There are roughy 180k examples, sorted by time. We take the first 93170 as the training set and set aside the remaining 85610 points for validation. This is meant to mimic the original train/test split.
Lessons learned
ELM involve randomness, meaning that with the same hyperparams the error will differ - hopefully slightly - from run to run. We need to account for this in optimizing the parameters and the way to do this is to run each setting a few times and average the results. We missed this point initially so the scripts run each setting just once. Luckily it doesn’t seem to make that much difference in this case.
Here are a few more points (regarding this specific dataset, possibly generalizing to other):
Standardize data first.

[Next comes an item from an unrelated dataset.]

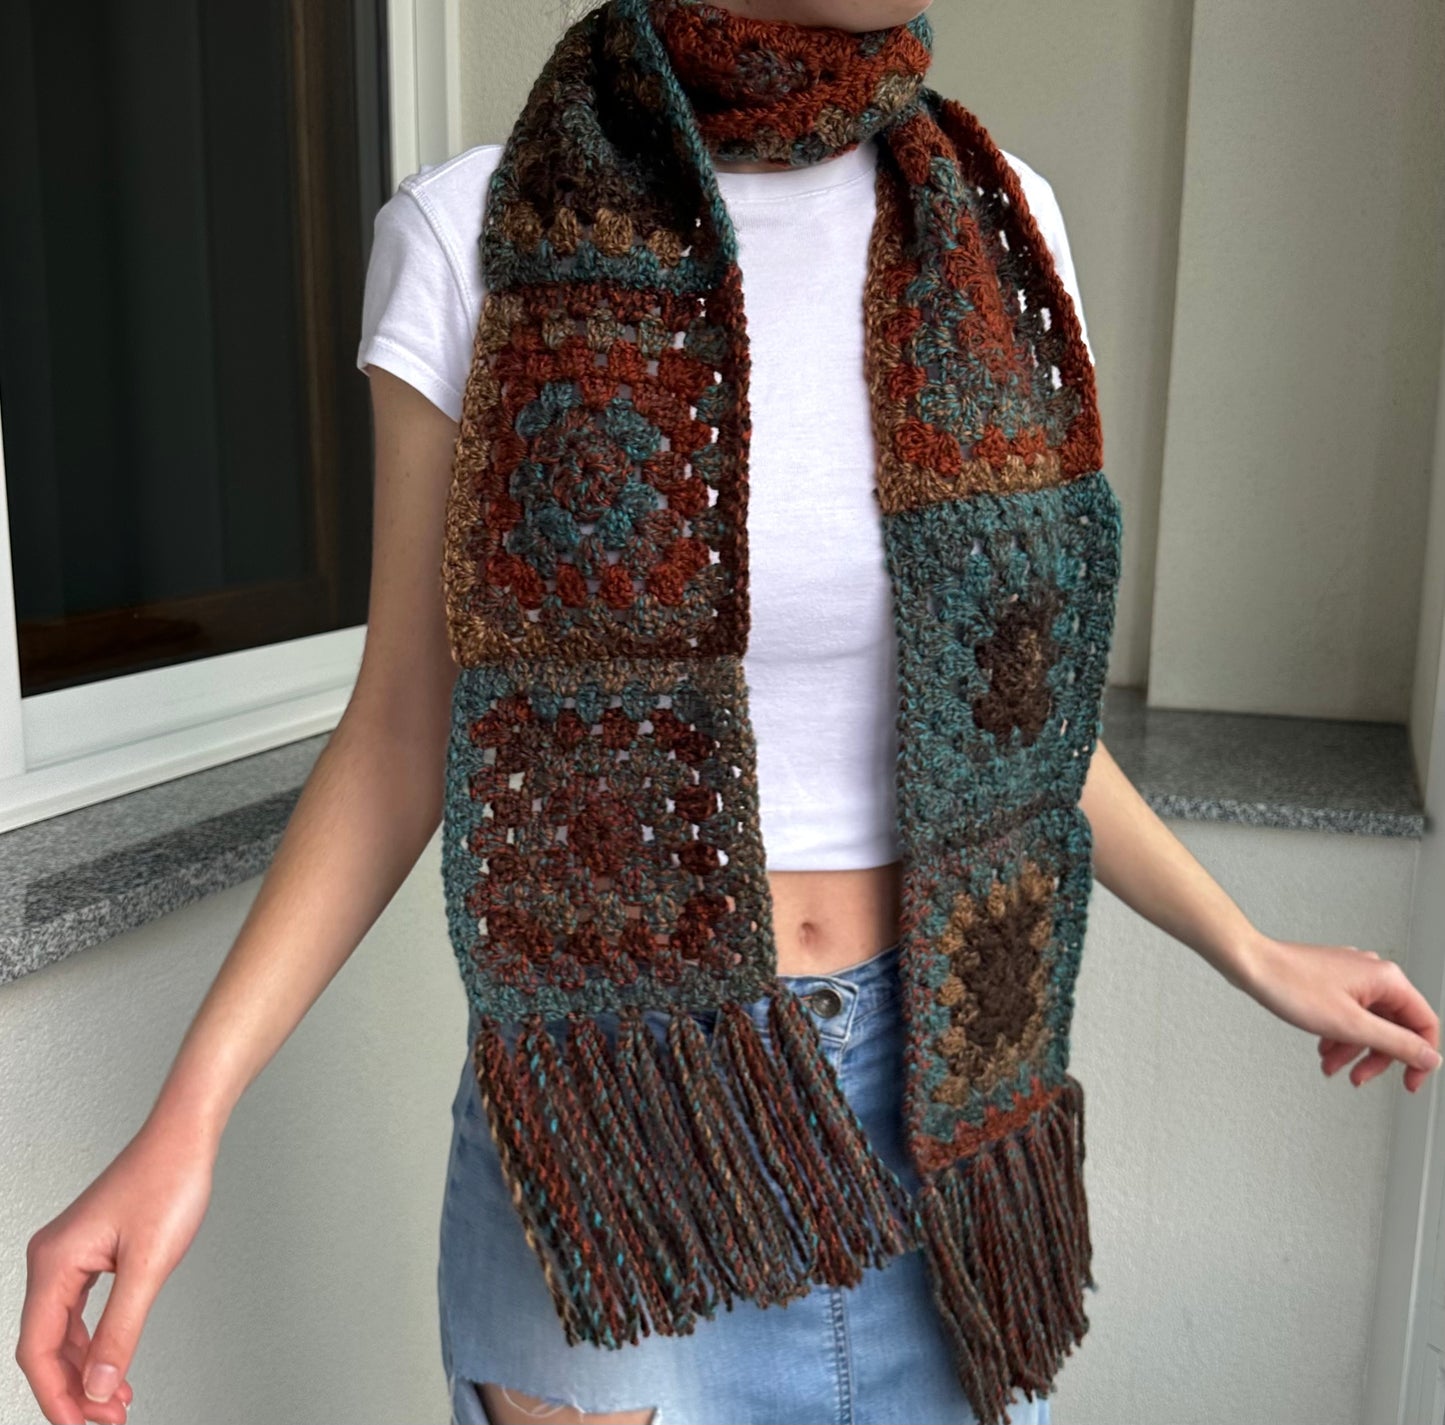 Handmade brown and blue granny square crochet scarf

We were reluctant to standardize one-hot indicator columns for categorical variables, but it seems it’s better to standardize them too.
Pipeline setup runs faster than normal ELM, probably because Ridge is faster than ELM’s built-in linear model.
Ridge also offers a better performance in terms of score.
Rectified linear activation seems to work just as well as other functions (RMSE 4.8 in validation)
The results from two hidden layers are basically the same as with one hidden layer.
There are different hyperparam combinations resulting in similiar performance. You can bag the models. We bagged a few models and got a slight improvement, from RMSE roughly 4.8 to 4.4 in validation.
Predictions from the best pipeline/Ridge model score 5.13 on the public leaderboard.
Complete code is available at GitHub.